--- Task details ---
Quote the material exactly from the line that contains "癒し系RPG・後半から打楽器のリズム ★の再生済みの波形" through its last line. Any pictures are to be left out.

** Opening Data provided block **

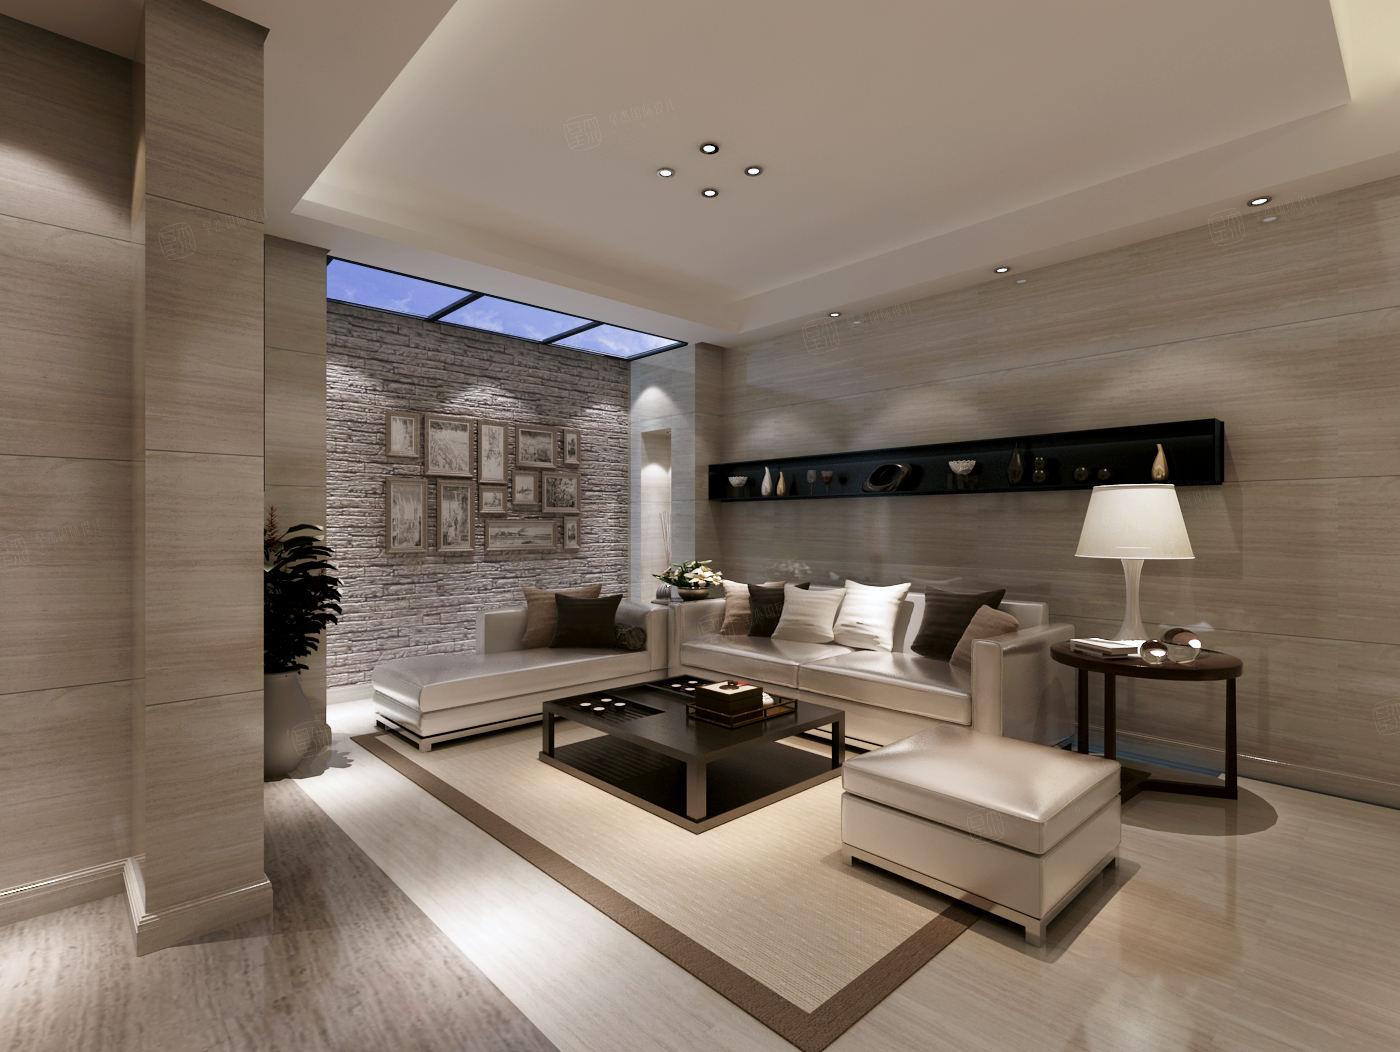 莫奈庄园 现代简约装修起居室效果图
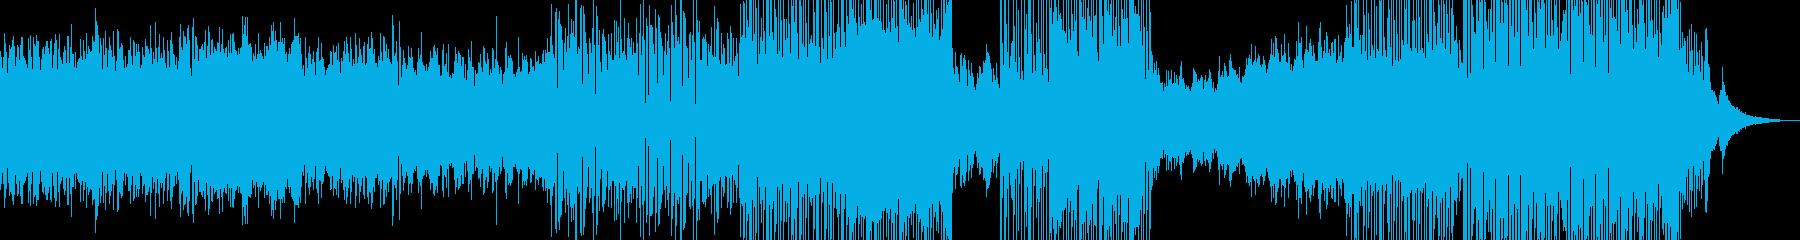 癒し系RPG・後半から打楽器のリズム ★の再生済みの波形
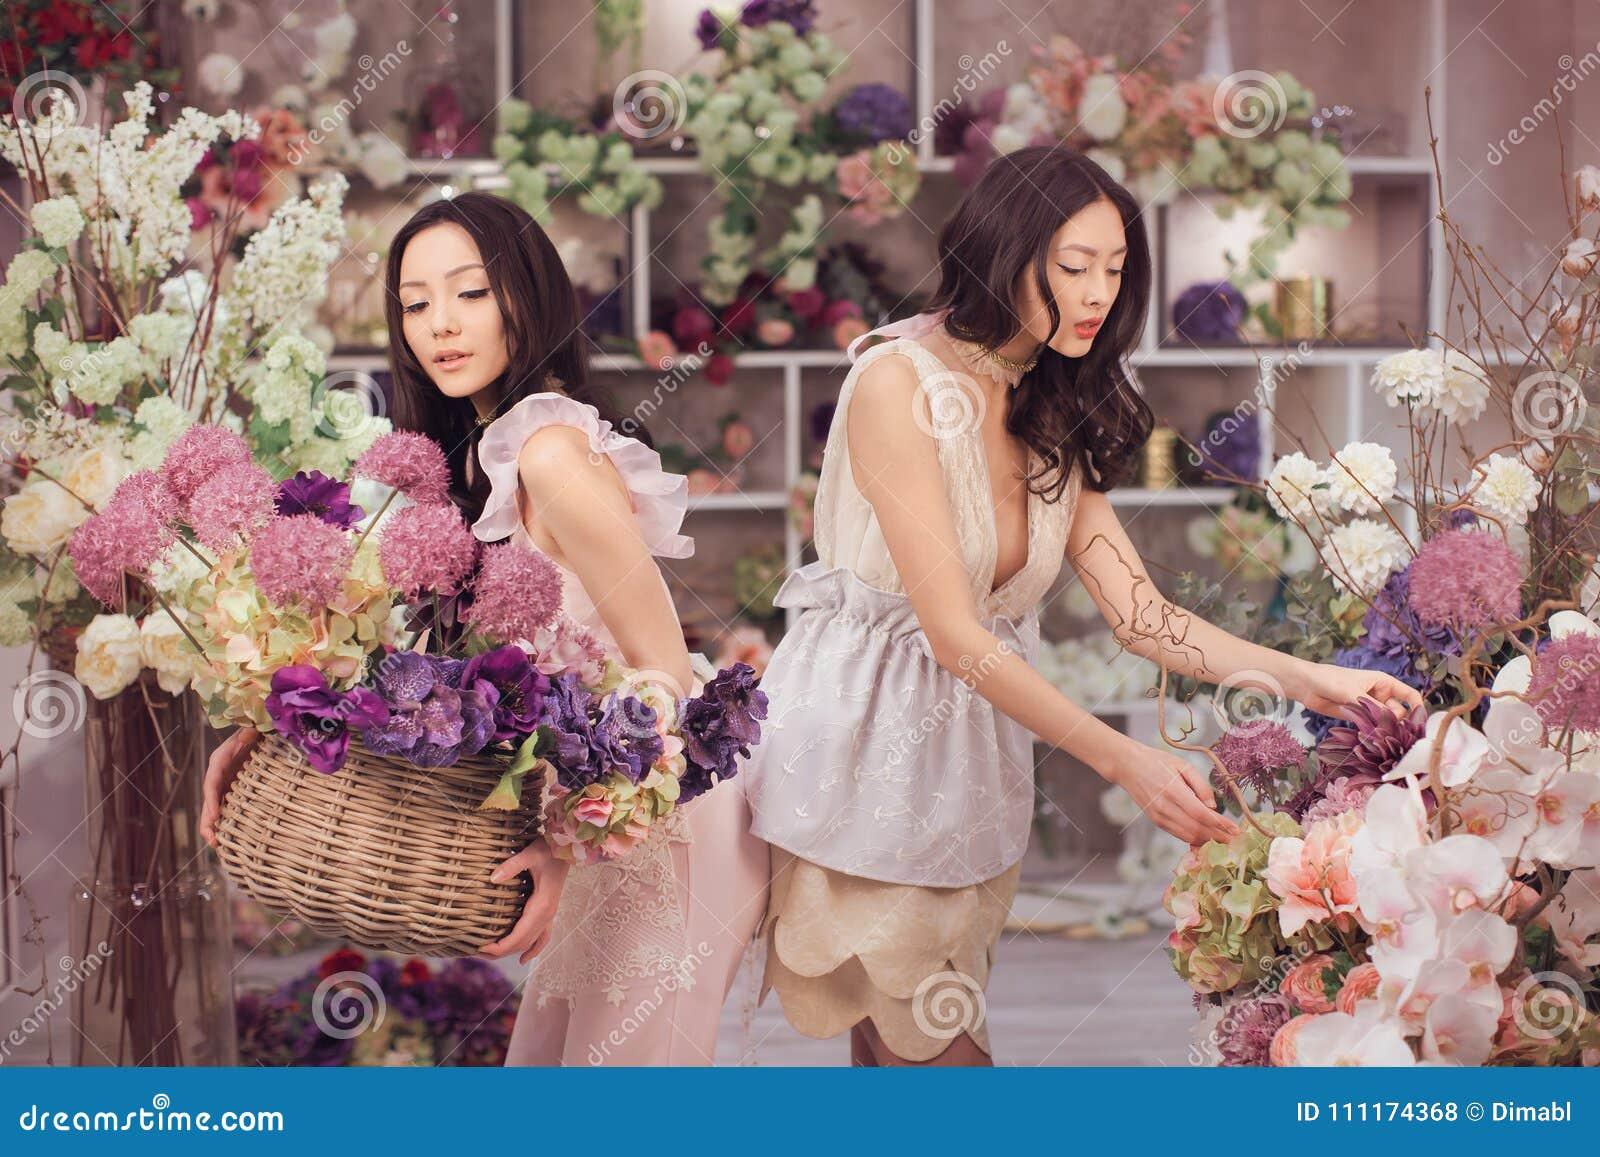 Asian flower girl com think

** Closing Data provided block **

--- Answer for the task ---
 癒し系RPG・後半から打楽器のリズム ★の再生済みの波形
 Asian flower girl com think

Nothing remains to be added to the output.